王一中,胡亚琦,吴小所,闫浩文,王小成   

  1. 1.兰州交通大学 电子与信息工程学院,兰州 730070
    2.兰州交通大学 测绘与地理信息学院,兰州 730070

Abstract: Extracting accurate feature information in high-resolution remote sensing images plays an important role in urban planning as well as land resource utilization. However, remote sensing images are characterized by large scale differences between target objects and complex backgrounds, which easily lead to inaccurate extraction results, especially the low extraction accuracy for small-scale features.
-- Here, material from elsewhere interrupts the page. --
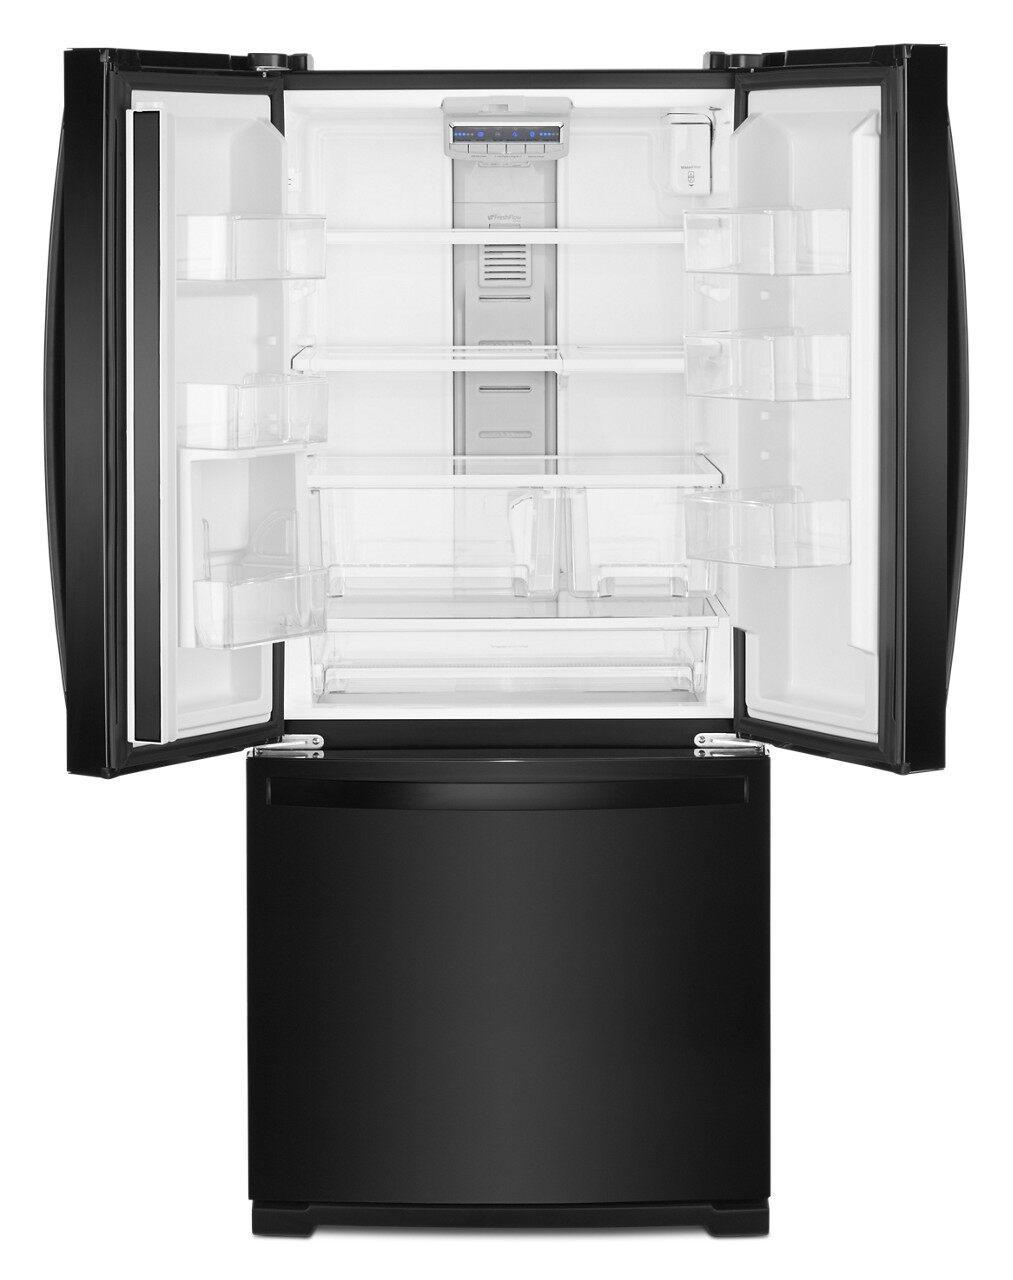 Whirlpool - 29.5 Inch 20 cu. ft French Door Refrigerator in Black - WRF560SFHB

In order to solve these problems, this paper proposes a novel dual-coding structure to fully acquire global semantic information as well as spatial detail information, and to fuse feature information at different scales in stages to enhance the feature representation capability. The feature enhancement module (FEM) is constructed to reduce the loss of detail information in downsampling and focus on more small-scale features. In order to better refine the feature information, channel attention and kernel attention are fused and then up-sampled, which is able to integrate the local features with the corresponding global spatial dependencies and enhance the segmentation accuracy of the target object. The mIoU on Potsdam dataset and Vaihingen dataset are 86.1% and 82.4%, respectively. Comparative analysis with popular semantic segmentation models shows that the method in this paper can effectively solve the problem of inaccurate segmentation of small- and medium-scale objects in remote sensing images, and it is suitable for dealing with the task of semantic segmentation of remote sensing images.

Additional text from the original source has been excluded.